DATA BLOCK: Begin
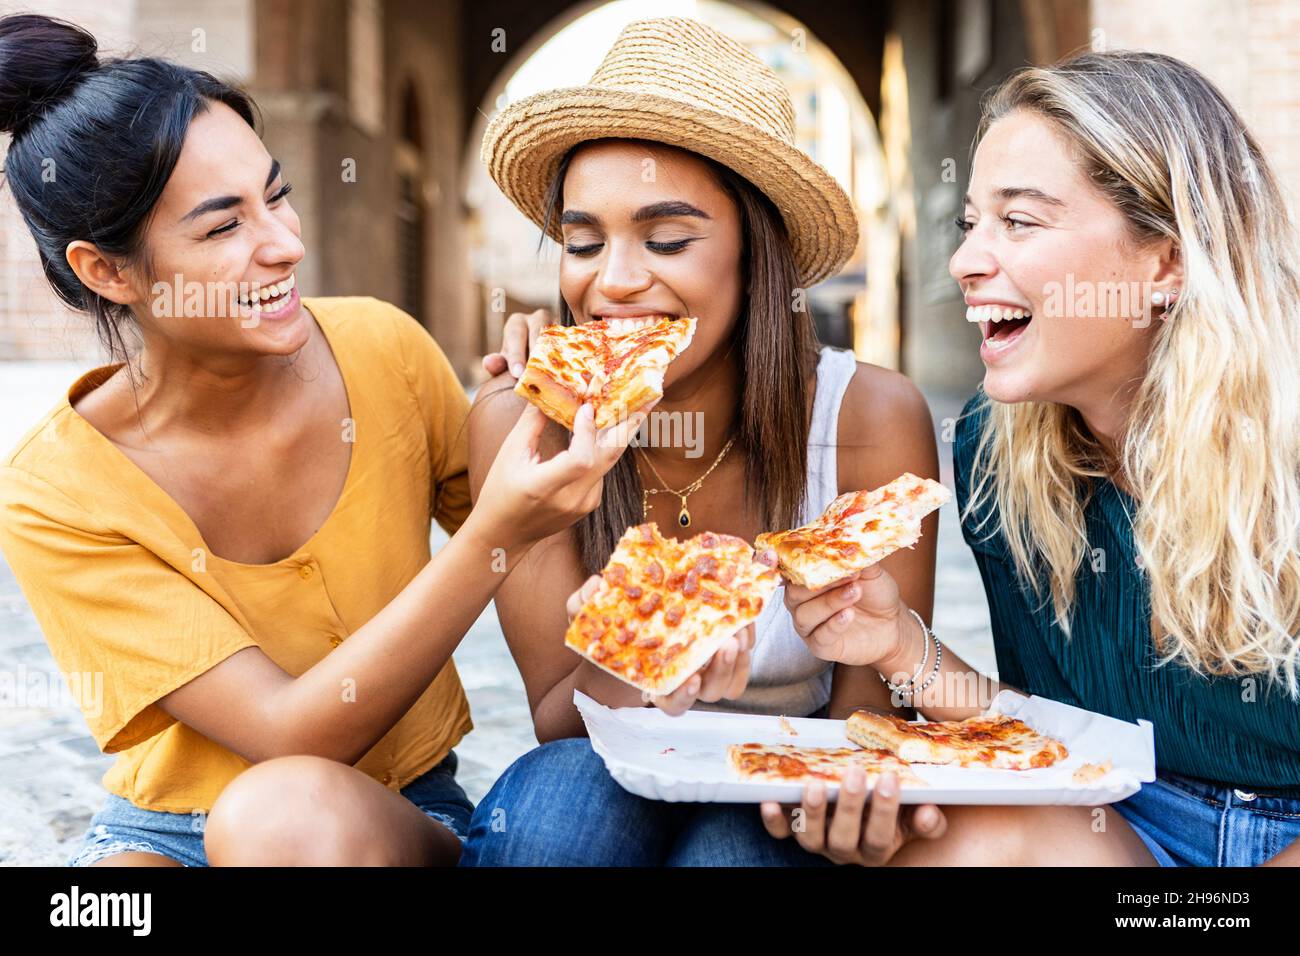 Trois gaies multiraciales femmes de manger de la pizza dans la rue Banque D'Images
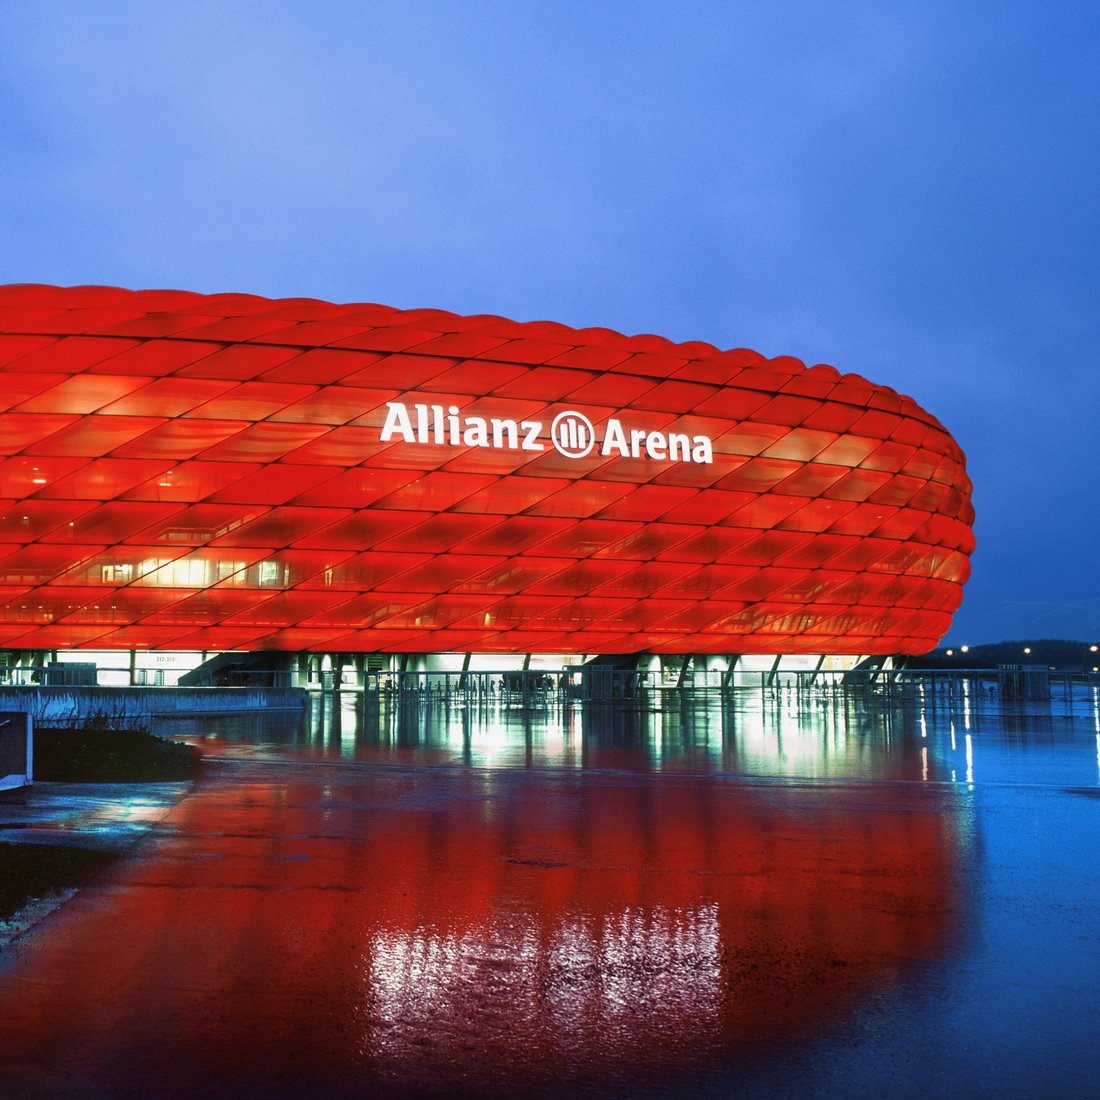 Allianz Arena illuminated
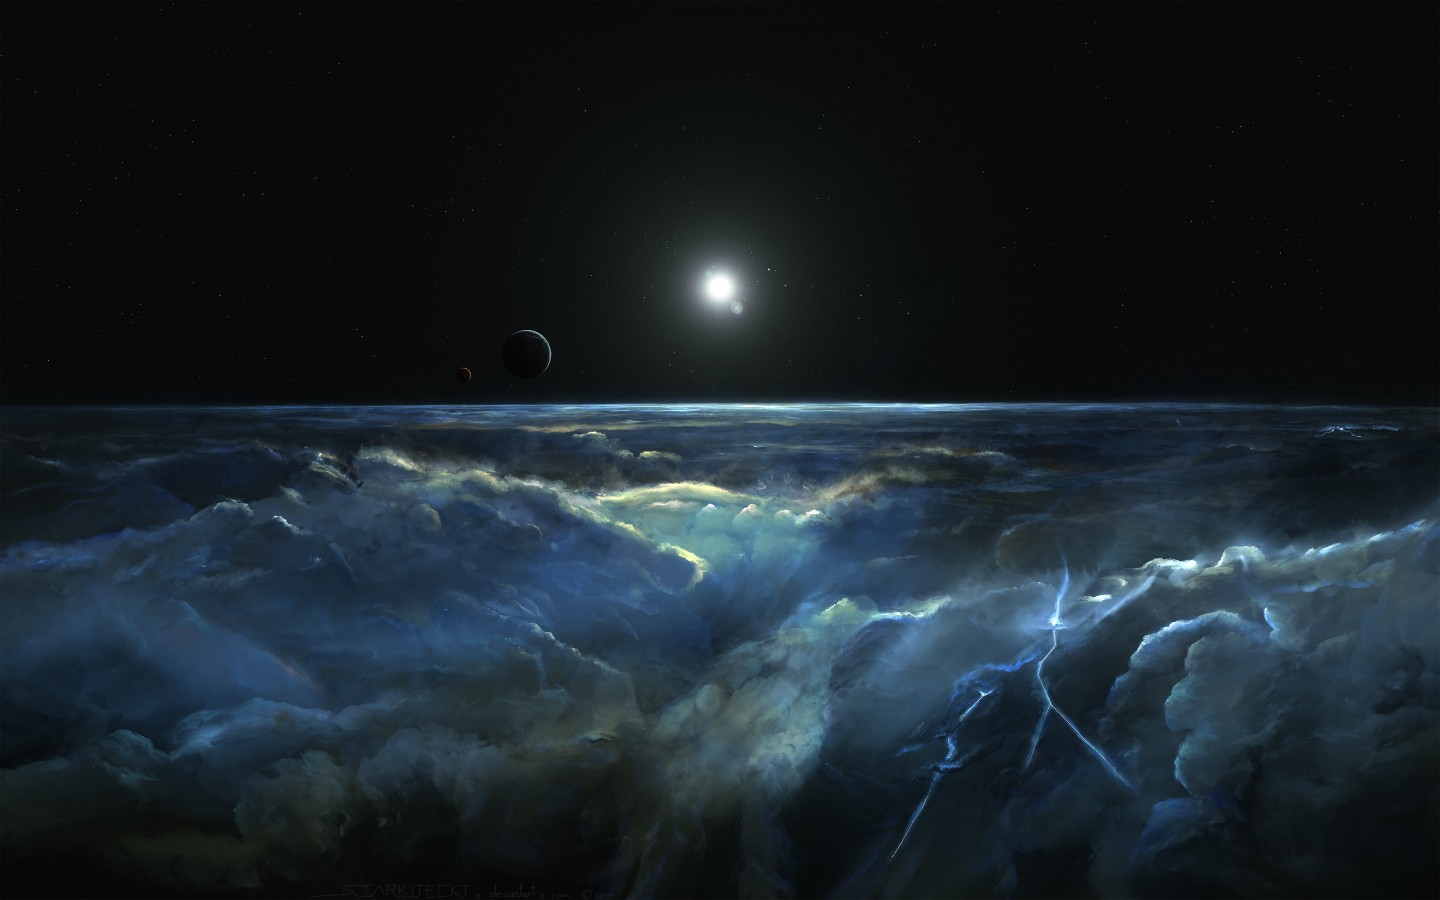 Stormy Atmosphere of Merphlyn Wallpaper for Desktop 1440x900
DATA BLOCK: End
TASK INSTRUCTIONS ->
Line by line, output the material above exactly, passing over the pictures.

RESPONSE BOX ->
 Trois gaies multiraciales femmes de manger de la pizza dans la rue Banque D'Images
 Allianz Arena illuminated
 Stormy Atmosphere of Merphlyn Wallpaper for Desktop 1440x900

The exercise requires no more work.